Nasıl ki işçilerin 1930larda elde ettiği kazanımlar Amerikan İşçi Federasyonunun şirket yandaşı meslek sendikalarından kopmayı gerektirdiyse, bugünkü mücadele de yeni kitlesel mücadele örgütlerinin inşasını gerektirmektedir. Başarılı bir mücadele, yalnızca, işçilerin mücadelelerini sendikalardan ve Demokratik Partiden bağımsız şekilde ortaya koymasıyla mümkündür.
SEP, bu yasaya karşı mücadeleyi örgütlemek ve bütün işçilerin demokratik ve toplumsal haklarını savunmak için, her işyerinde ve mahallede taban örgütlenmelerinin oluşturulması çağrısı yapar. Bu taban komiteleri demokratik bir şekilde seçilmeli ve işçi sınıfının patronlara ve büyük şirketlerin siyasi temsilcilerine karşı bağımsız endüstriyel ve siyasal seferberliğine dayanmalıdır.
Dört yıllık Obama yönetimi deneyimi -ve Detroitteki Demokratik Partili Bing yönetimi tarafından öğretmenlere ve diğer kent işçilerine karşı gerçekleştirilen saldırılar- işçi sınıfının acilen yeni bir siyasi stratejiyi benimsemesi gerektiğini göstermektedir. İşçi sınıfı, yaşam standartlarını ve demokratik haklarını savunmak için, ekonomik yaşamı kendi çıkarları doğrultusunda yeniden örgütlemek üzere kendi siyasi partisini örgütlemelidir.

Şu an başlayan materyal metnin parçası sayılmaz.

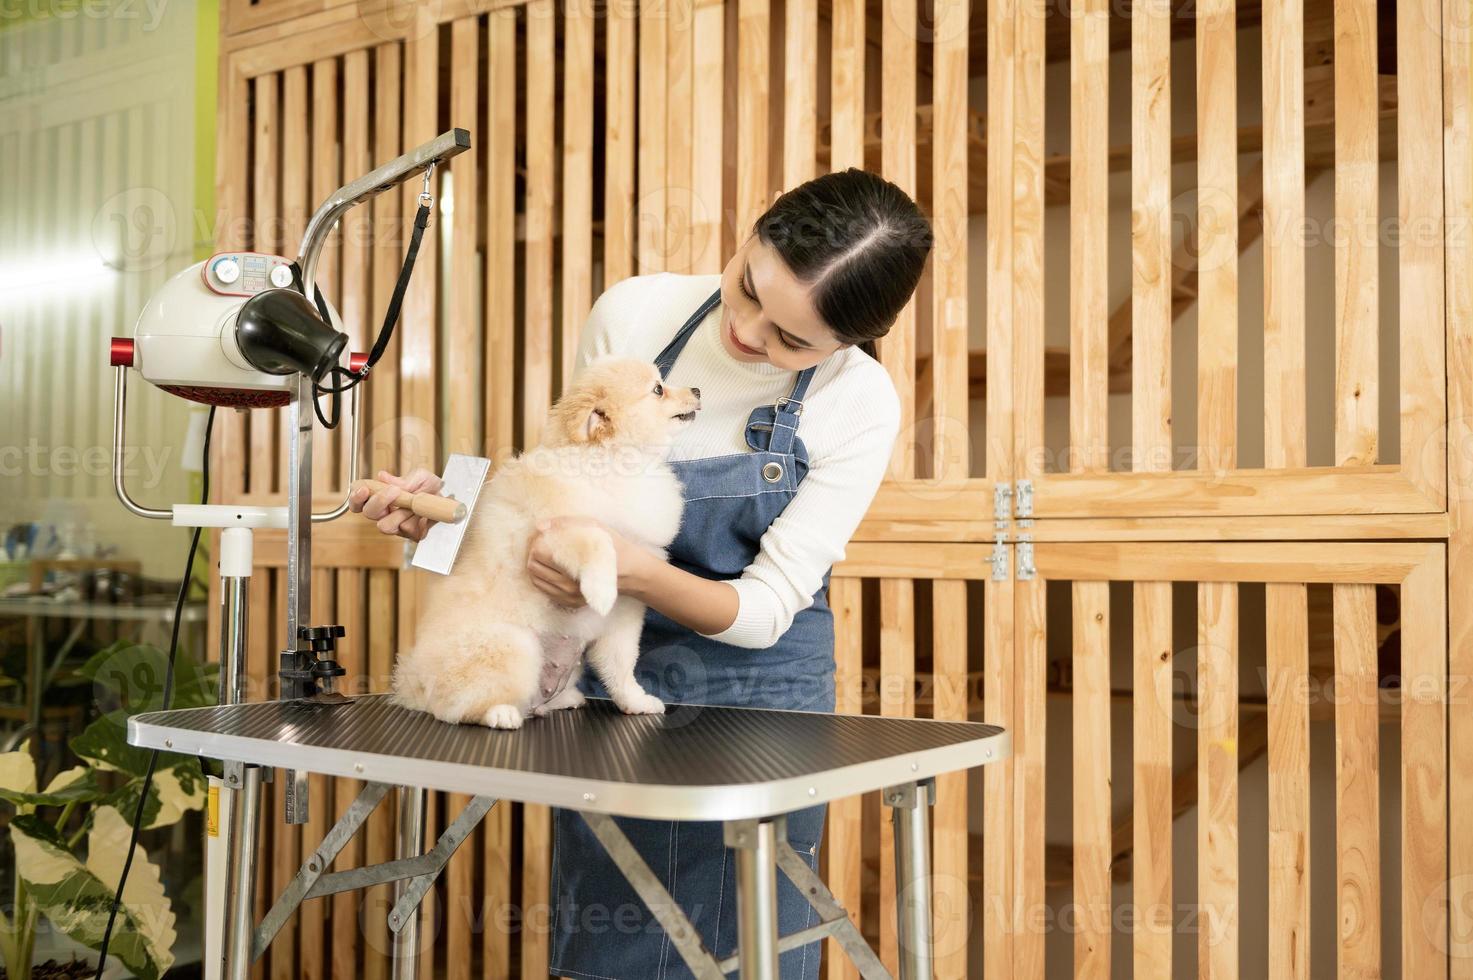 hembra profesional peluquero peinada perro piel a mascota spa aseo salón foto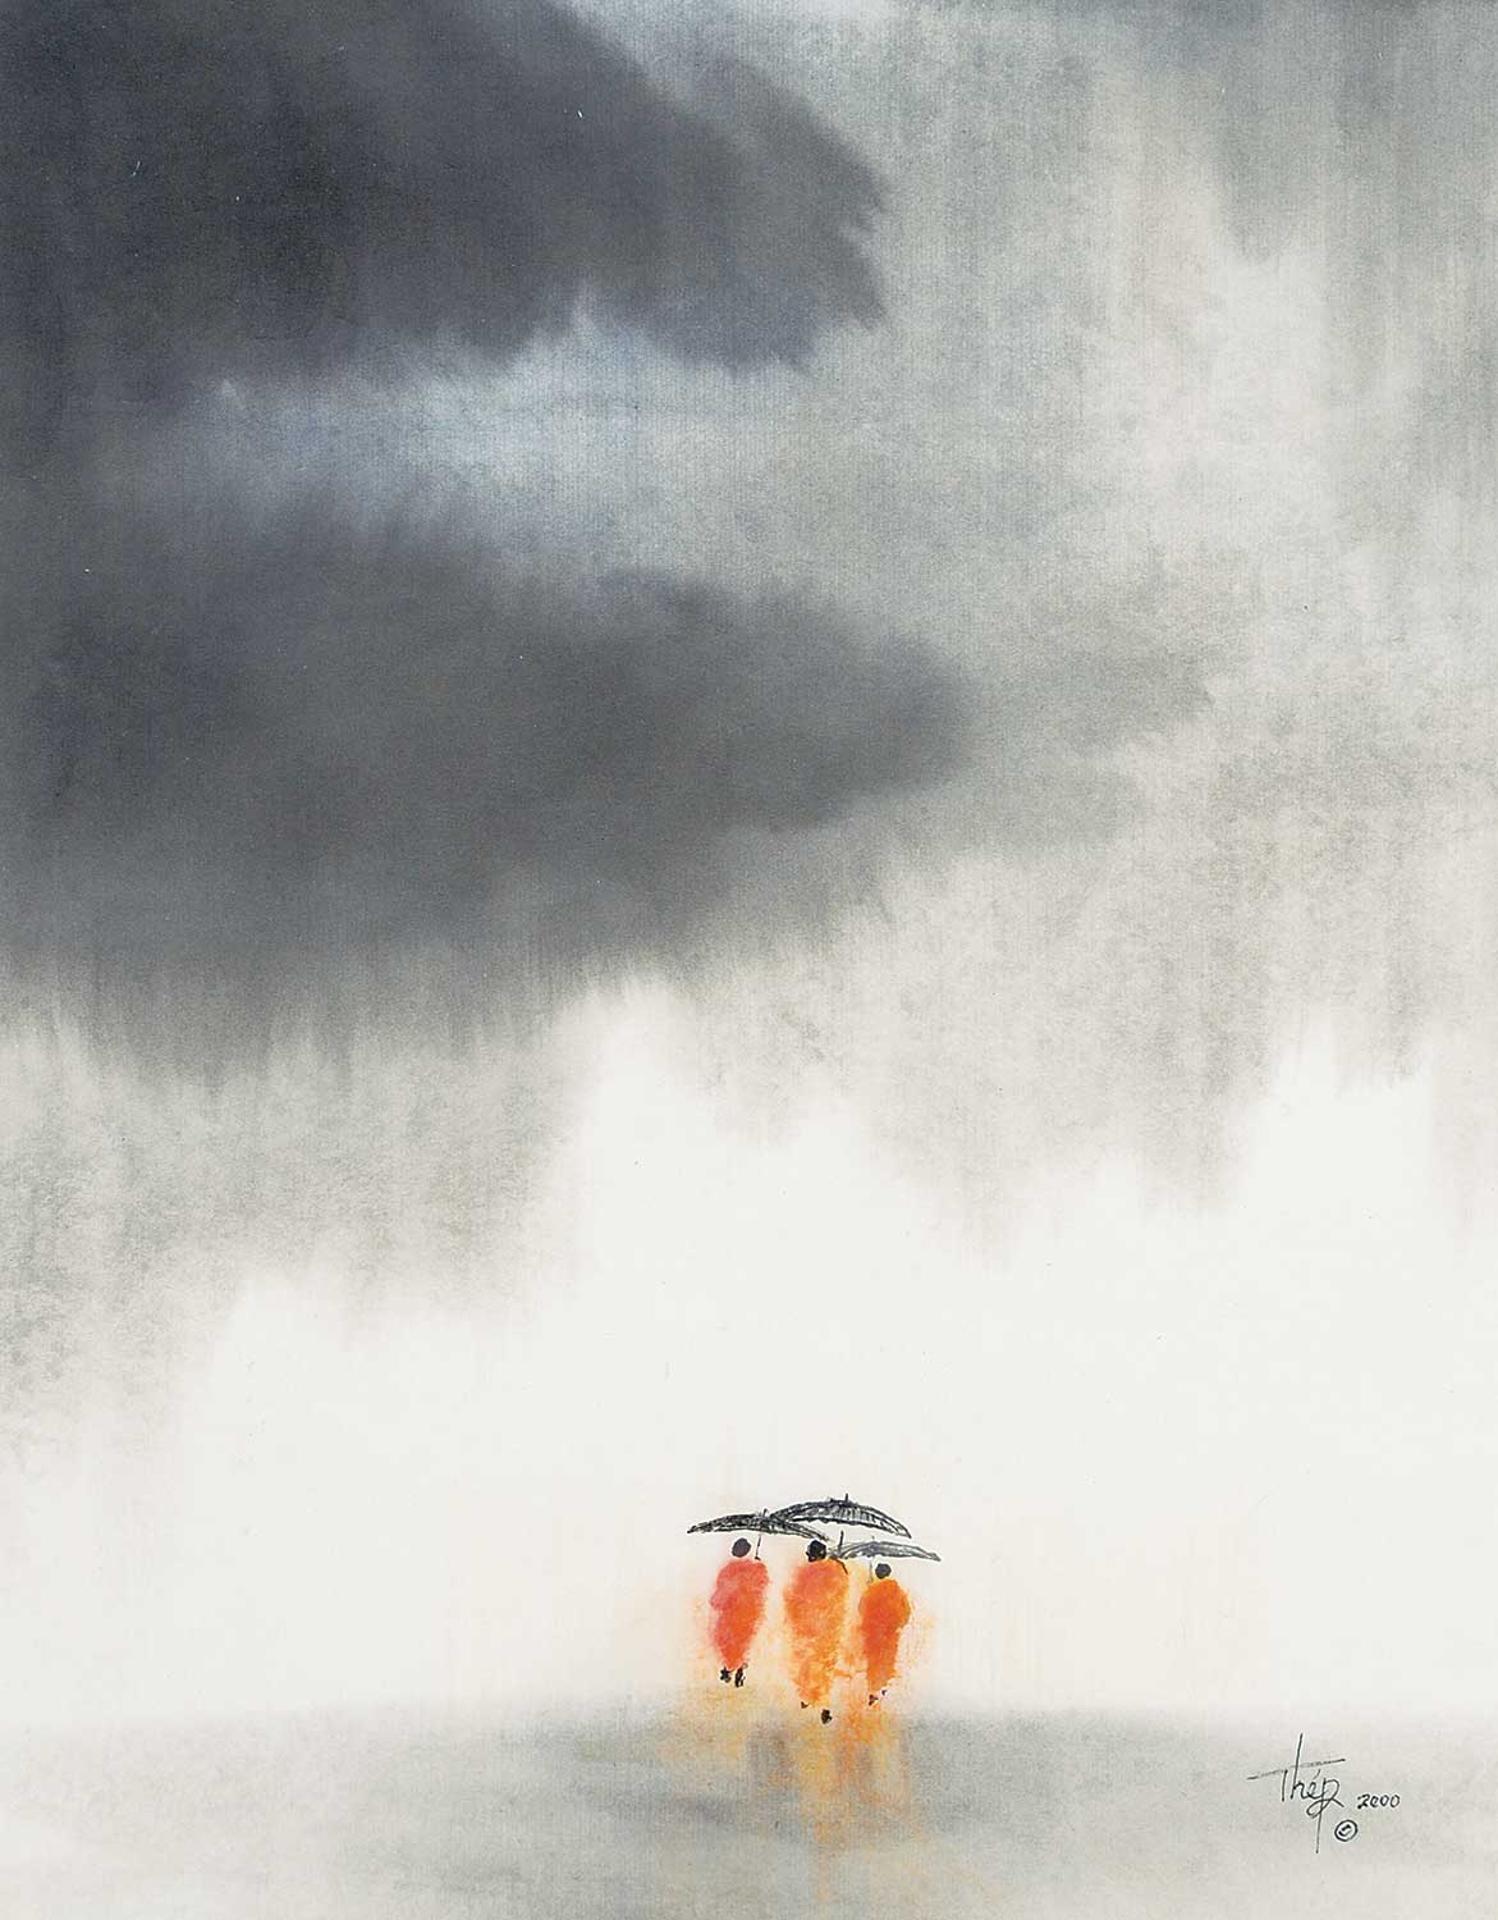 Thep Thavonsouk - Untitled - Three Monks in the Rain

Gerçek demokrasi, küçük ve inanılmaz derece zengin bir egemen seçkinler grubunun siyasi ve ekonomik gücü tekeline aldığı bir ortamla bağdaşmaz. Yalnızca işçi sınıfının bağımsız kitlesel siyasi seferberliği iktidarı mali aristokrasiden zorla alabilir ve toplumu eşitlikçi temelde yeniden örgütleyebilir. Bu, sosyalizm uğruna mücadele demektir. Fabrikalar, bankalar ve kamu hizmeti yapan kuruluşlar kamulaştırılmalı, zenginlerin elinden alınmalı ve işçi sınıfının demokratik mülkiyeti ve denetimi altına verilmelidir. Bu, altyapının yeniden inşası, kamu eğitiminin yaygınlaştırılması ve bütün işçilere yeterli ücret ve emeklilik güvencesi sağlanmasını içeren acil ekonomik ve toplumsal meselelerin çözülmesi için geniş kaynaklar sağlayacaktır.